Twenty-three trials of six anticonvulsants were considered eligible (1,074 patients). The only placebo-controlled study in acute pain found no analgesic effect of sodium valproate. Three placebo-controlled studies of carbamazepine in trigeminal neuralgia had a combined NNT (95% confidence interval (CI)) for effectiveness of 2.5 (CI 2.0-3.4). A single placebo-controlled trial of gabapentin in post-herpetic neuralgia had an NNT of 3.2 (CI 2.4-5.0). For diabetic neuropathy NNTs for effectiveness were as follows: (one RCT for each drug) carbamazepine 2.3 (CI 1.6-3.8), gabapentin 3.8 (CI 2.4-8.7) and phenytoin 2.1 (CI 1.5-3.6). Numbers-needed-to-harm (NNHs) were calculated where possible by combining studies for each drug entity irrespective of the condition treated. The results were, for minor harm, carbamazepine 3.7 (CI 2.4-7.8), gabapentin 2.5 (CI 2.0-3.2), phenytoin 3.2 (CI 2.1-6.3). NNHs for major harm were not statistically significant for any drug compared with placebo. Phenytoin had no effect in irritable bowel syndrome, and carbamazepine little effect in post-stroke pain. Clonazepam was effective in one study of temporomandibular joint dysfunction.

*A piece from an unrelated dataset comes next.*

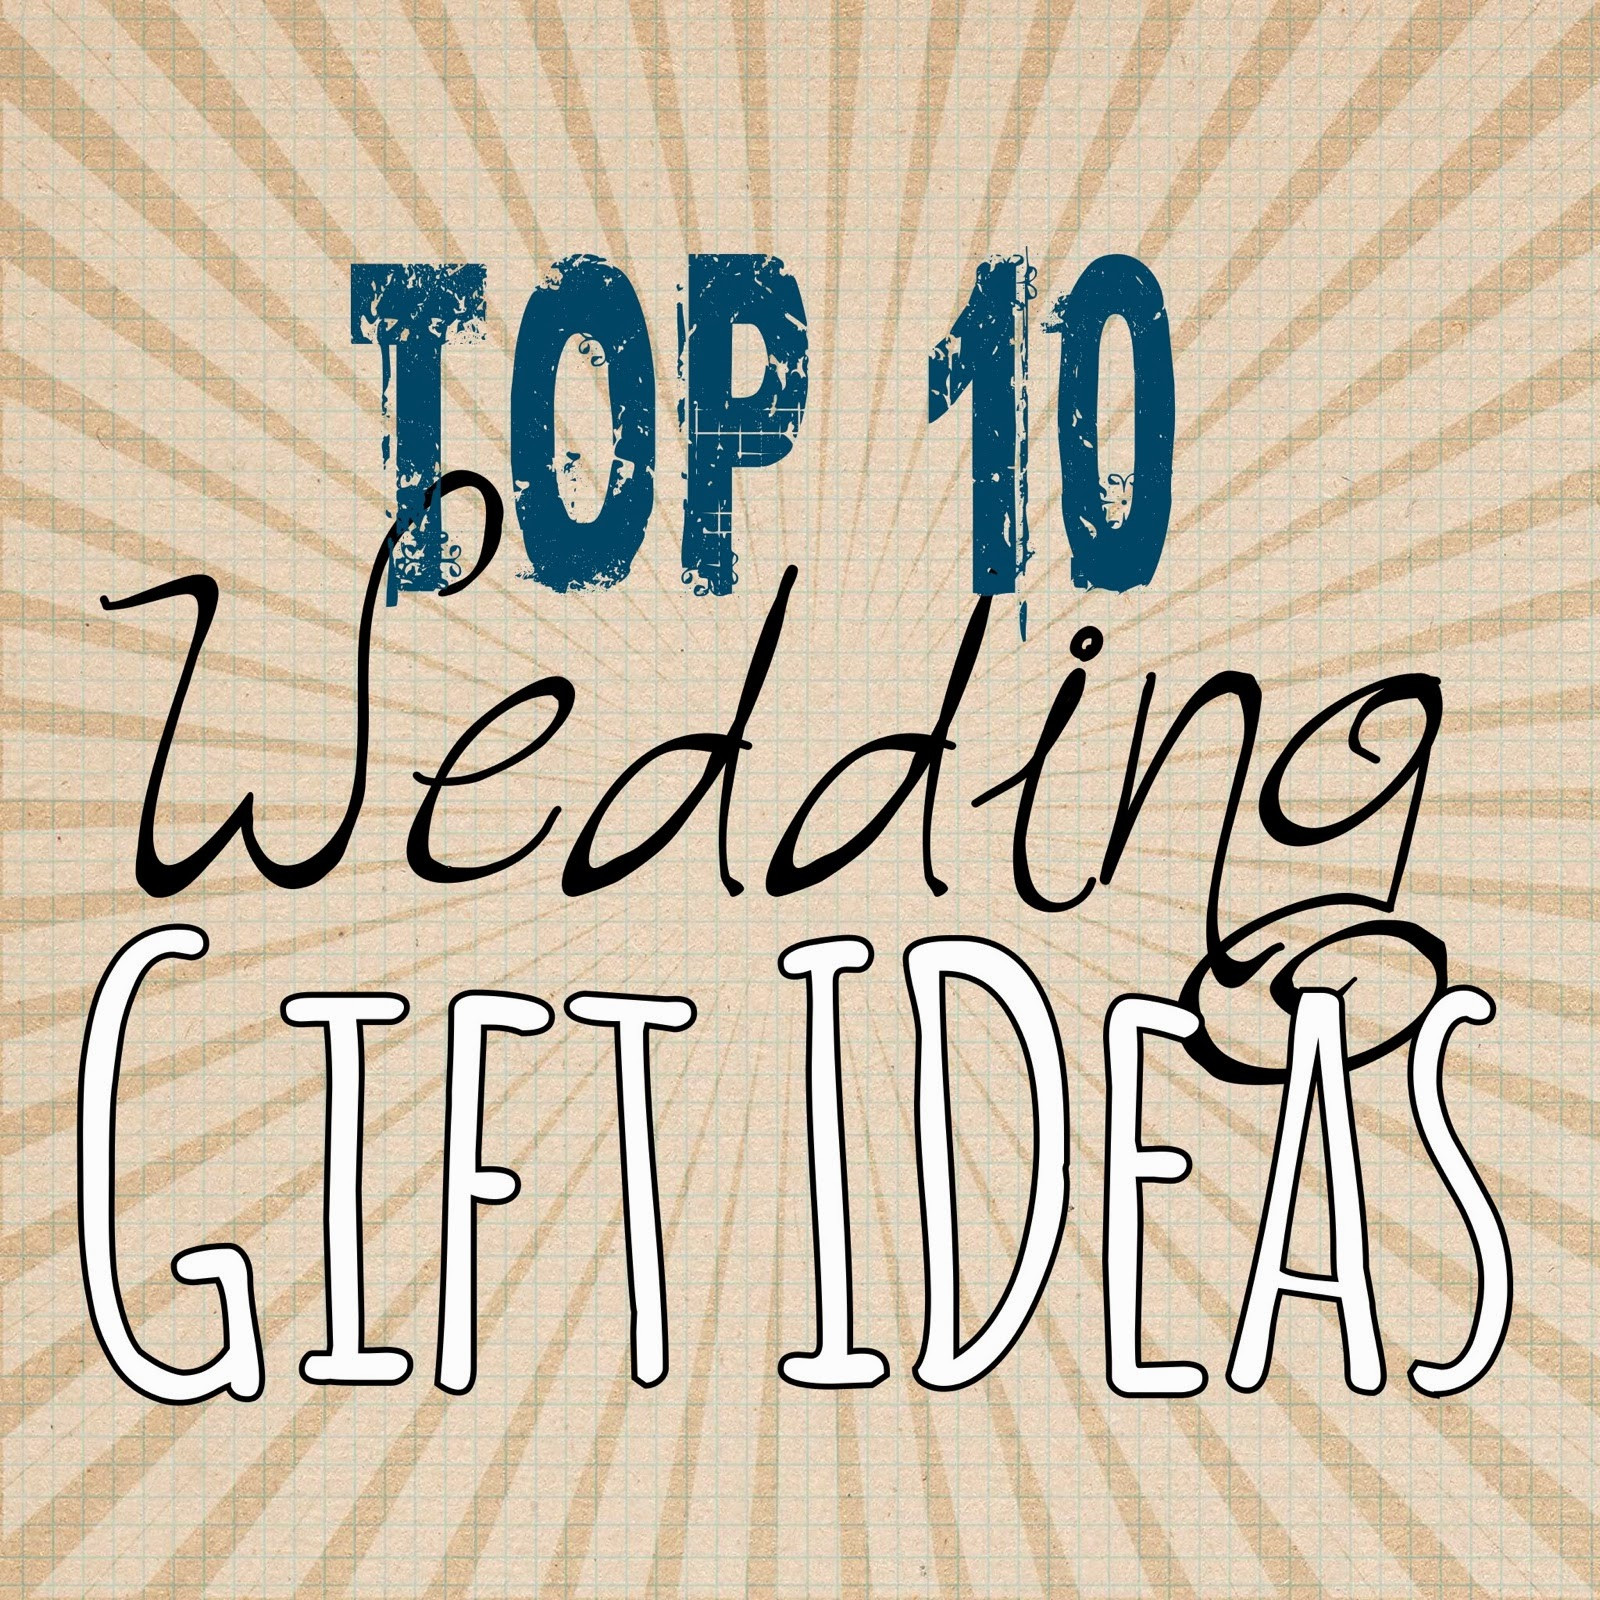 Best Wedding Gifts For Couples
 Top 10 Wedding Gift Ideas Lou Lou Girls

REVIEWER'S CONCLUSIONS: Although anticonvulsants are used widely in chronic pain surprisingly few trials show analgesic effectiveness. No trial compared different anticonvulsants. Only one studied considered cancer pain. There is no evidence that anticonvulsants are effective for acute pain. In chronic pain syndromes other than trigeminal neuralgia, anticonvulsants should be withheld until other interventions have been tried. While gabapentin is increasingly being used for neuropathic pain the evidence would suggest that it is not superior to carbamazepine.

摘要

背景

自20世纪60年代以来,抗惊厥药物一直用于疼痛管理。临床印象是,它们对慢性神经性疼痛有用,尤其是当疼痛呈刺痛或灼痛时。

目的

评估抗惊厥药物在临床实践中用于疼痛管理的镇痛效果和不良反应,并确定临床研究议程。本次修订排除偏头痛和头痛研究。

检索策略

通过医学索引数据库(1966 - 1999年)、荷兰医学文摘数据库(1994 - 1999年)、灰色文献数据库(1980 - 1999年)和考克兰对照试验注册库(CENTRAL/CCTR)(考克兰图书馆1999年第3期)确定抗惊厥药物治疗急性、慢性或癌痛的随机试验。此外,还手工检索了40种医学期刊。从检索到的论文参考文献列表以及与研究者联系中确定了其他报告。最近一次检索日期:1999年9月。

选择标准

报告抗惊厥药物对患者镇痛效果的随机试验,以主观疼痛评估作为主要或次要结局。

数据收集与分析

由两名独立审阅者提取数据,并对试验进行质量评分。根据二分数据计算个体研究和汇总数据的治疗所需人数(NNT),用于评估有效性、不良反应和与药物相关的研究撤药情况。

主要结果

六项抗惊厥药物的23项试验被认为符合条件(1074例患者)。唯一一项急性疼痛的安慰剂对照研究未发现丙戊酸钠有镇痛效果。三项卡马西平治疗三叉神经痛的安慰剂对照研究的合并NNT(95%置信区间(CI))为2.5(CI 2.0 - 3.4)。一项加巴喷丁治疗带状疱疹后神经痛的安慰剂对照试验的NNT为3.2(CI 2.4 - 5.0)。糖尿病性神经病变有效性的NNT如下:(每种药物一项随机对照试验)卡马西平2.3(CI 1.6 - 3.8),加巴喷丁3.8(CI 2.4 - 8.7),苯妥英2.1(CI 1.5 - 3.6)。在可能的情况下,通过合并每种药物实体的研究计算伤害所需人数(NNH),无论治疗的疾病如何。结果显示,轻微伤害方面,卡马西平3.7(CI 2.4 - 7.8),加巴喷丁2.5(CI 2.0 - 3.2),苯妥英3.2(CI 2.1 - 6.3)。与安慰剂相比,任何药物严重伤害的NNH均无统计学意义。苯妥英对肠易激综合征无效,卡马西平对中风后疼痛效果甚微。氯硝西泮在一项颞下颌关节功能障碍研究中有效。

审阅者结论

尽管抗惊厥药物在慢性疼痛中广泛使用,但令人惊讶的是,很少有试验显示出镇痛效果。没有试验比较不同的抗惊厥药物。只有一项研究考虑了癌痛。没有证据表明抗惊厥药物对急性疼痛有效。在三叉神经痛以外的慢性疼痛综合征中,在尝试其他干预措施之前应停用抗惊厥药物。虽然加巴喷丁越来越多地用于神经性疼痛,但证据表明它并不优于卡马西平。